Understanding Anxiety & the Brain-Body Connection | Ep 270
Aug 8, 2023
auto_awesome
In this podcast, the host discusses the brain-body connection related to anxiety, including the physiological response in the brain and the seven common causes of anxiety. They also explore the impact of thyroid function, hormones, gut health, and lifestyle factors on anxiety. Additionally, they discuss the role of the diaphragm and share personal experiences with anxiety as an opportunity for growth.
Blood sugar dysregulation can be a root cause of anxiety and regulating blood sugar through proper nutrition and meal timing can reduce anxiety symptoms.
Thyroid dysfunction and hormone imbalances can contribute to anxiety, and addressing thyroid and hormone health is crucial in managing and reducing anxiety.
Deep dives
Blood Sugar Dysregulation: A Common Cause of Anxiety
One of the most common root causes of anxiety is blood sugar dysregulation. Swinging from high to low blood sugar levels, skipping meals, or under eating can all trigger anxiety. This happens because when blood sugar levels are low, the pancreas releases glucagon, which leads to the release of adrenaline and cortisol, the stress hormones. These stress hormones can cause feelings of anxiety, nervousness, irritability, and heart palpitations. Regulating blood sugar through proper nutrition and meal timing can have a significant impact on reducing anxiety symptoms.
Thyroid and Hormone Dysfunction: Influencing Anxiety
Thyroid dysfunction and hormone imbalances can both contribute to anxiety. Low thyroid hormone levels can decrease neurotransmitter signaling and lead to symptoms of anxiety. Both hypo- and hyperthyroidism can mimic anxiety symptoms. Similarly, imbalances in sex hormones like progesterone, estrogen, and testosterone can influence neurotransmitter activity and mood. Addressing thyroid and hormone health can be crucial in managing and reducing anxiety.
Circadian Rhythm Disruptions: Impact on Anxiety
Disruptions in circadian rhythms, which regulate our sleep-wake cycles and other bodily functions, can contribute to anxiety. Our bodies are designed to be in sync with the sun, so spending time outside and exposing ourselves to natural light is important for our mental health. Proper exposure to sunlight helps regulate our brain chemistry and can have calming effects on anxiety. Spending time in nature, getting morning sun, and having a healthy sleep routine are all key in maintaining balanced circadian rhythms and managing anxiety.
Gut-Brain Axis: An Emotional Connection to Anxiety
The gut-brain axis plays a significant role in anxiety. Any imbalances in the gut microbiome can impact mood due to the bidirectional communication between the gut and the brain. The gut has its own nervous system, and the bacteria in our gut produce and modulate neurotransmitters that influence our mood. Imbalances in the gut can trigger anxiety symptoms. Taking care of gut health, supporting a diverse microbiome, and addressing any digestive issues can help alleviate anxiety.

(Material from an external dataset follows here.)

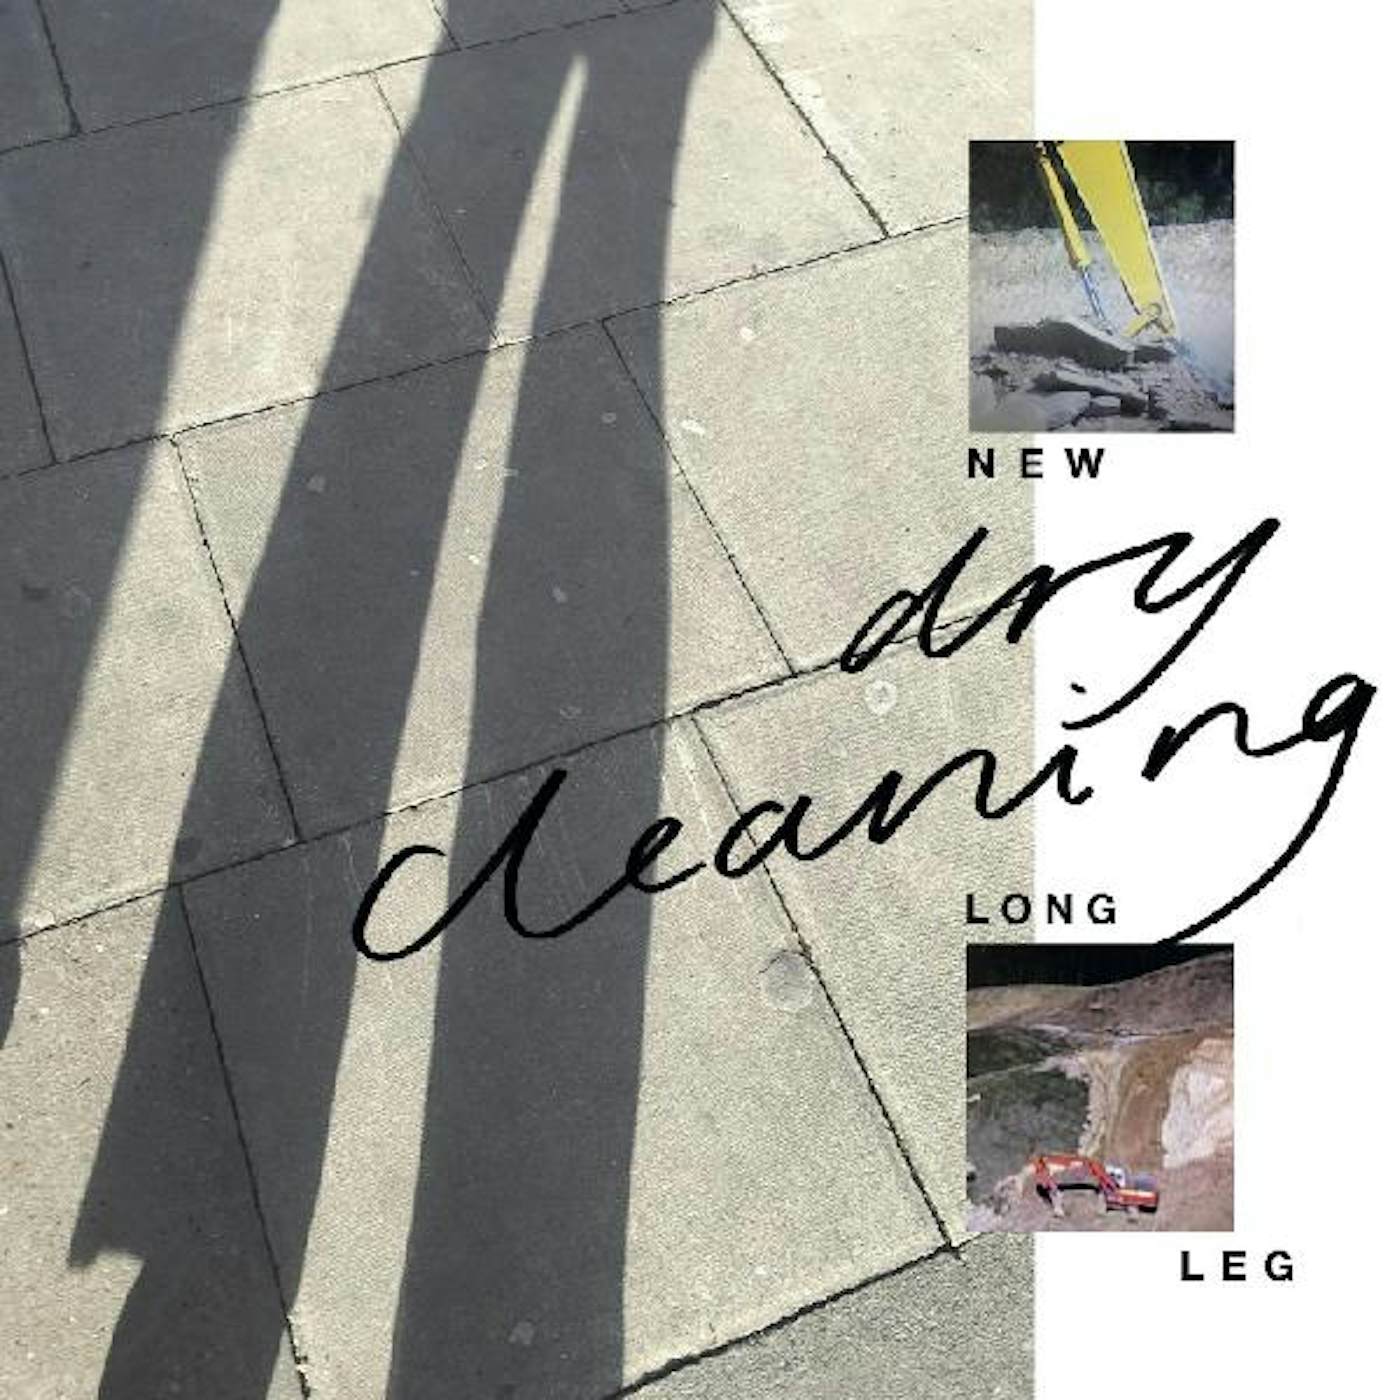 Dry Cleaning New Long Leg Vinyl Record
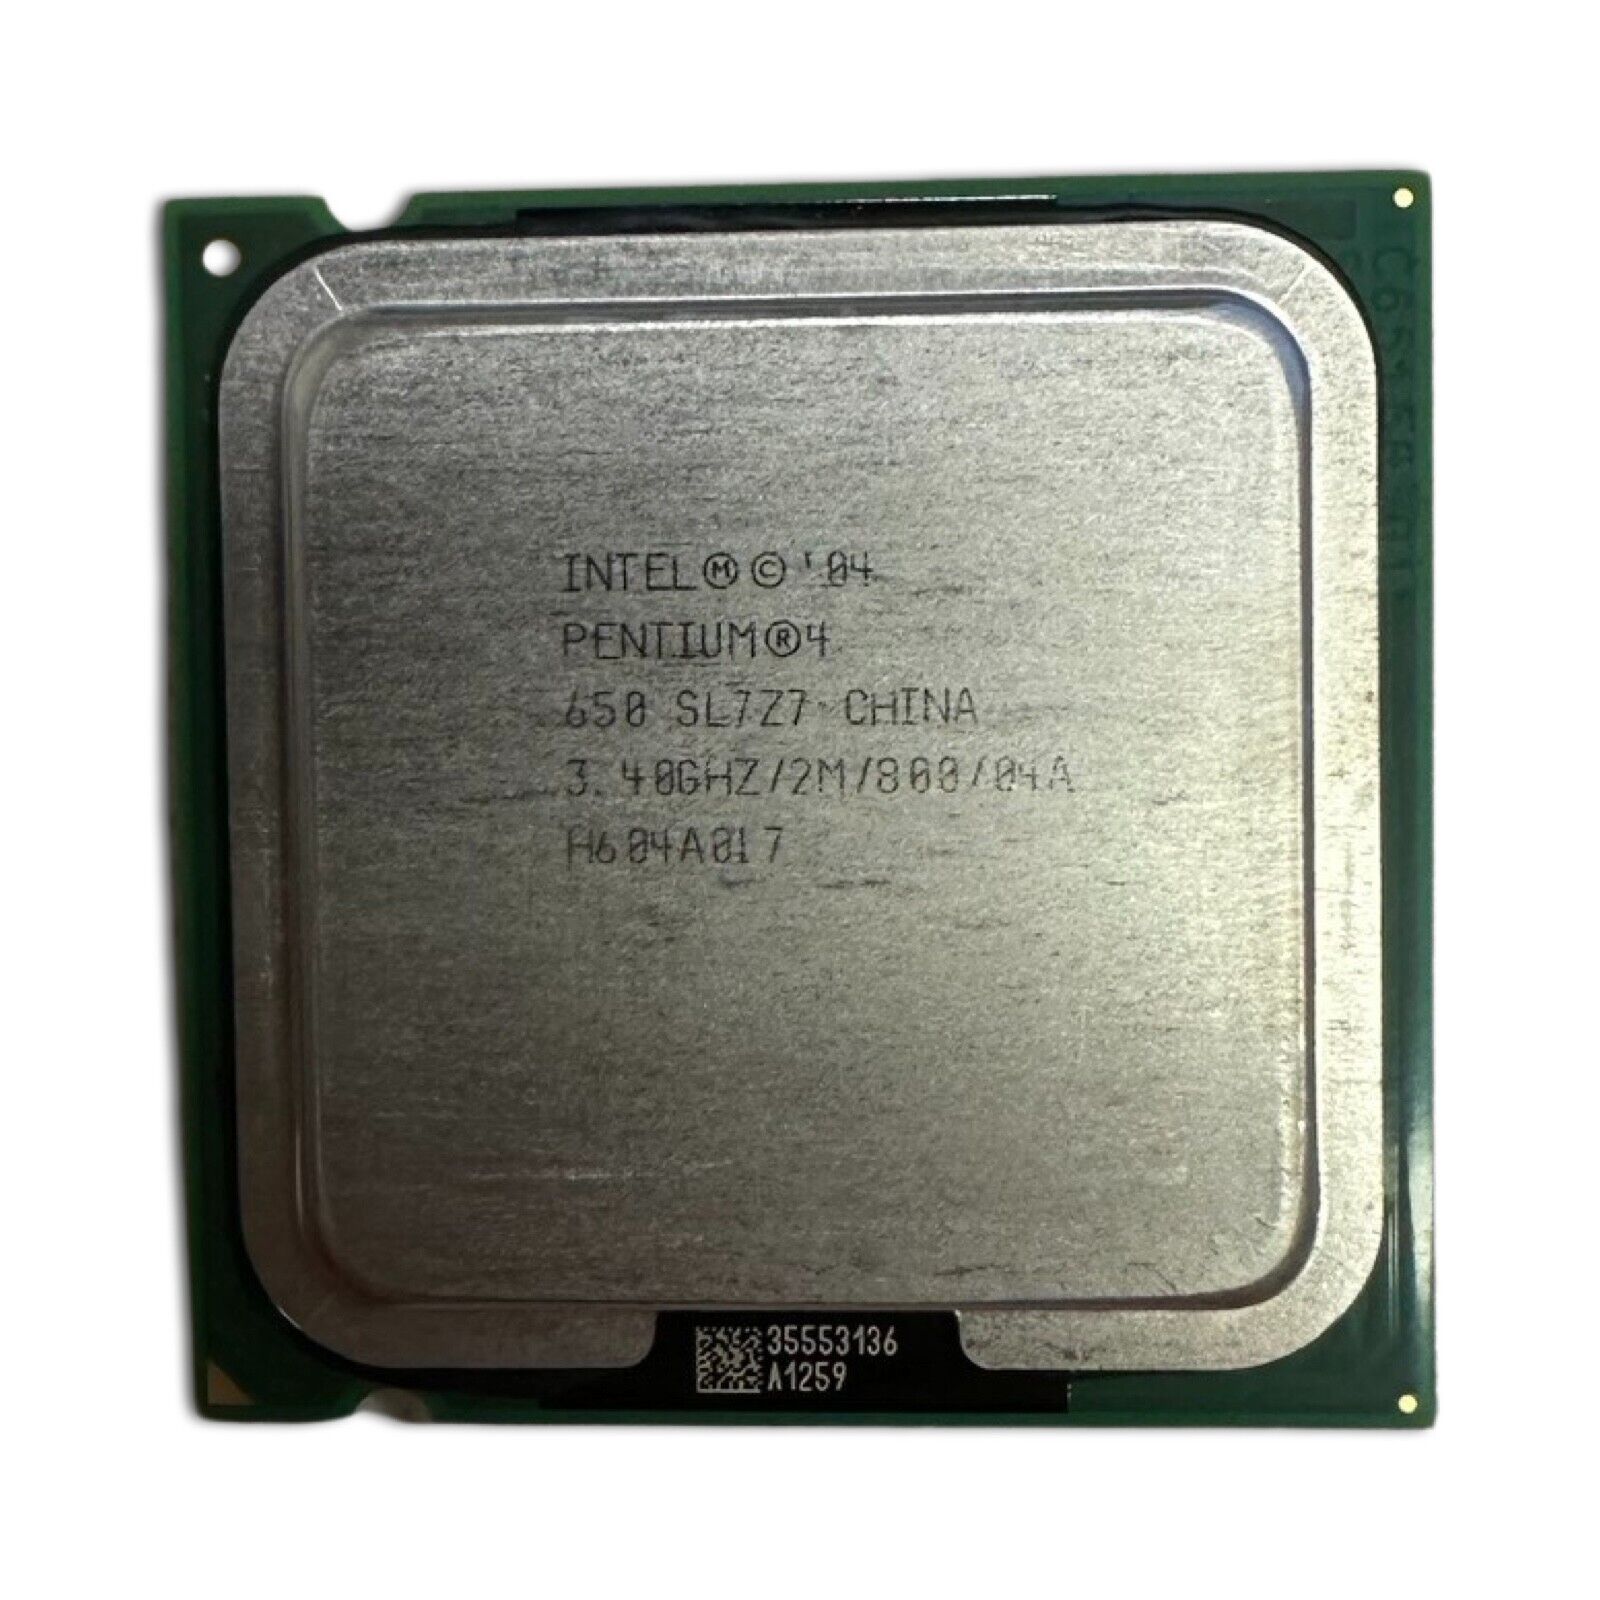 Intel Pentium 4 650 3.4GHz 800MHz 2MB Socket 775 CPU

Anxiety can feel like a heavy burden that keeps you from doing the things you love and being your healthiest self. However, navigating anxiety becomes far more manageable once we understand how it happens and harness it as a means of communication with our body.
On today’s episode, Erin delves into the foundational aspects of anxiety. This includes a breakdown of the brain’s physiological response when anxiety is triggered, as well as an exploration of the seven most common causes of this mental state. For real-world strategies, Erin shares solutions to anxiety that can transform it from a burden to a pathway for self-awareness and healing. You can use the tools in this episode to uncover what your anxiety may be telling you, learn how to listen to its signs, and support your overall well-being.